• The Benefits of Leasing

    When you are in the market for a new car, you have a variety of options available to you. You can buy a car outright with cash and there is also the possibility of getting a car on a finance agreement. Financing will cost you more but it could be your only option. In both cases you could be shocked by the depreciation that occurs the second you drive your new car out of the showroom.

    There is a third option that is growing massively in popularity; and that is car leasing. If you are looking to lease cars instead of purchase them, there are a variety of benefits.

    No Depreciation

    When purchasing a new car either outright with cash or on finance, an important consideration is what will happen when they come to sell it. This is why depreciation is such an issue for people purchasing a new car. A standard car can depreciate by 50-60% over three years, for example, a Ford Focus is worth just 36% of its original price after 3 years.

    When leasing a car, depreciation is not a concern as you hand the car back to the leasing company rather than having to sell it or keep it. If owning the car is not a major priority for you, then leasing is a great way of avoiding the cost of depreciation.

    Lower monthly costs

    When getting a car on finance, you obviously have to pay a monthly amount in order to own the car. The same goes for leasing a car, however the monthly costs are usually cheaper for leasing than they are on finance. Car leasing monthly payments are usually 30-60% lower than the normal finance options payments. Again, using the Ford Focus as an example. The average monthly payment on finance is £384.98, however, on a leasing agreement, that monthly payment can drop down to £225.60.

    A major benefit of car leasing is that it is cheaper month on month compared with purchasing a car on finance.

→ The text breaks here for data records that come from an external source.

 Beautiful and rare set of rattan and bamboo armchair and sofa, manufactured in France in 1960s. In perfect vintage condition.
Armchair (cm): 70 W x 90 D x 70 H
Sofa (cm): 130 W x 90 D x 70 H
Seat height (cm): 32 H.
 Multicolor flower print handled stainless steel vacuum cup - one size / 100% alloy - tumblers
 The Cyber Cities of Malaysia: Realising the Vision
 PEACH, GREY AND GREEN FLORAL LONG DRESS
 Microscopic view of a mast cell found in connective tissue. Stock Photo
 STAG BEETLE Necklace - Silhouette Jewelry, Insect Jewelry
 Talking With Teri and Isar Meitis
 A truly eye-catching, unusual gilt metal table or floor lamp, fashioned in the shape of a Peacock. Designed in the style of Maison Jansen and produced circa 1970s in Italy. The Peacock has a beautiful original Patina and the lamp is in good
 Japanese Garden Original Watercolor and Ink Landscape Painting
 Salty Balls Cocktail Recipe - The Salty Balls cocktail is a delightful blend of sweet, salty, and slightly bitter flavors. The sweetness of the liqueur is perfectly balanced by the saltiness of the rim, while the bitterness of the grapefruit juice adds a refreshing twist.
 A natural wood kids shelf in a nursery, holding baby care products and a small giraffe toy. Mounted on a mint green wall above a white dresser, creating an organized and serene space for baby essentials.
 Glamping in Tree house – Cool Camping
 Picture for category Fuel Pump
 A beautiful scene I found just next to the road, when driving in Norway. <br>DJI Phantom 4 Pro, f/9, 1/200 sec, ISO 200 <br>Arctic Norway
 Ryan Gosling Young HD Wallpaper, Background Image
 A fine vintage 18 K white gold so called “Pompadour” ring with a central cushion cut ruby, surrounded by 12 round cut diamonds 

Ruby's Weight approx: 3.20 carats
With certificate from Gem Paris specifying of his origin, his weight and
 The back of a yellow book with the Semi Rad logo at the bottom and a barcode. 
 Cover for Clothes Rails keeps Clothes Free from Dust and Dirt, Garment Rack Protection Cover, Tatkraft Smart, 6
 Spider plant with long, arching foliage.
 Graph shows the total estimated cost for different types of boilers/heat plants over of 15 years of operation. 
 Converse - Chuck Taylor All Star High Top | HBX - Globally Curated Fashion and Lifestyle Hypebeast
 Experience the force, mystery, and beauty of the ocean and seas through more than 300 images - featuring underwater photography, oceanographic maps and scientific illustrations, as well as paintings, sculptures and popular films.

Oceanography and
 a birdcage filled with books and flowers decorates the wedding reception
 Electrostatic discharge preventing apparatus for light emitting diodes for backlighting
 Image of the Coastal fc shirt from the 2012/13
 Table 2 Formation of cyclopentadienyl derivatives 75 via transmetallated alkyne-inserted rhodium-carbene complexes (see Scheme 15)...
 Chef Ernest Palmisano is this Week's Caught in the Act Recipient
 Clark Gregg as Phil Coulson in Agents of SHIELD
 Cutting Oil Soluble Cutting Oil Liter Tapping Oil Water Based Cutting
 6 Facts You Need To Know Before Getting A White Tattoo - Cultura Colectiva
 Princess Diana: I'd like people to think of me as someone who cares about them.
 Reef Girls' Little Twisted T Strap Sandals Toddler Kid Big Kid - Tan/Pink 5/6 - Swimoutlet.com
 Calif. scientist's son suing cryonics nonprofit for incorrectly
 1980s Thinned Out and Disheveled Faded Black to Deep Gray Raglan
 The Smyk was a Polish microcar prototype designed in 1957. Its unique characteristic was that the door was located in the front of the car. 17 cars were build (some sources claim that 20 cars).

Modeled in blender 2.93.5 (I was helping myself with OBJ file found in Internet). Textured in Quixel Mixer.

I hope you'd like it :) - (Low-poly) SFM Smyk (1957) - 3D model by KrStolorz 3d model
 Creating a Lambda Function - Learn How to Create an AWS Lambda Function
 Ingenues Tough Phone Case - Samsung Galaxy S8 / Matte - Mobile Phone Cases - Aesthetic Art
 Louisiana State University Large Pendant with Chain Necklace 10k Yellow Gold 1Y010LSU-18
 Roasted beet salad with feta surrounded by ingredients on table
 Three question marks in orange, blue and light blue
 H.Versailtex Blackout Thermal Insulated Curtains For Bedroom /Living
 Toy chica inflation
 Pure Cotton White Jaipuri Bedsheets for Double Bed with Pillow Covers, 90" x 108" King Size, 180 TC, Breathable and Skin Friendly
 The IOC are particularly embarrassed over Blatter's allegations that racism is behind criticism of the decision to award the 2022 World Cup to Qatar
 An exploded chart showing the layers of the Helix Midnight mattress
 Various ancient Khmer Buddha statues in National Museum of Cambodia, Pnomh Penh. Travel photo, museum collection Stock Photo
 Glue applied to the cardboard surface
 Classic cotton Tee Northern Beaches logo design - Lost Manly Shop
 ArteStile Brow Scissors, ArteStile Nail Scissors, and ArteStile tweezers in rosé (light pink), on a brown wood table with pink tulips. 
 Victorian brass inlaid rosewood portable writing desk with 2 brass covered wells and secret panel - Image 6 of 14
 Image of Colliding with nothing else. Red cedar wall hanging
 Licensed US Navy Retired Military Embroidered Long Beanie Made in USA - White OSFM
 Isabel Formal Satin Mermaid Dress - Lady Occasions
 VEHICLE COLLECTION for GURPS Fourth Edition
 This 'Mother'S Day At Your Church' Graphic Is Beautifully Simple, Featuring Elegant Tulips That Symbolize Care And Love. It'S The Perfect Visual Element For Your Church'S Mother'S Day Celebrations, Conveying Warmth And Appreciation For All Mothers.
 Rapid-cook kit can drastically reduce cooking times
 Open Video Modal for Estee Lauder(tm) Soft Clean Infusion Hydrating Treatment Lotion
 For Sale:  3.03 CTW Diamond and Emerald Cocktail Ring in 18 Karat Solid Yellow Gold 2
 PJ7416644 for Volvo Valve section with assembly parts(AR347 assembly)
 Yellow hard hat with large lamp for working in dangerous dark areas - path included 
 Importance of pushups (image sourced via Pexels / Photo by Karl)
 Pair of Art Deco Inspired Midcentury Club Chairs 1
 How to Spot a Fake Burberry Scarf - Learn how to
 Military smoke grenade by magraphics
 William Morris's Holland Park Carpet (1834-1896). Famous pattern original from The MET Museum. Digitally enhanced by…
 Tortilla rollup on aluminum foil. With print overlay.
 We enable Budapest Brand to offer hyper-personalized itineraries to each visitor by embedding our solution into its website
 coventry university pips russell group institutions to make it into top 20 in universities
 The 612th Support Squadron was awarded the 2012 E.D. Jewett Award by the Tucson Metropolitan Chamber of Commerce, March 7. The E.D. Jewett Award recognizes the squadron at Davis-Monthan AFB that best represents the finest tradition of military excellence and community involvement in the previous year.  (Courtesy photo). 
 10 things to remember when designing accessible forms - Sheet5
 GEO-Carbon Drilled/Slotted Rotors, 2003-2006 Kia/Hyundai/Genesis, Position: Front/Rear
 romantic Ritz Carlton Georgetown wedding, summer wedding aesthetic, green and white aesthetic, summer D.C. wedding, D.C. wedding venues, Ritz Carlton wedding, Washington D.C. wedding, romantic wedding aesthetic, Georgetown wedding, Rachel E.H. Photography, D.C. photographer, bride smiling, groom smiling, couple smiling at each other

This actually allows you to spread your budget further, so you afford to lease a better quality car. The top three brands for car leasing are Mercedes, BMW and Audi.

    Cheap car leasing deals are always available on the majority of cars on the market. It doesn’t matter if you have excellent credit or poor credit, you will be considered. Car leasing could offer you a simpler and better value way of obtaining a car than an outright purchase.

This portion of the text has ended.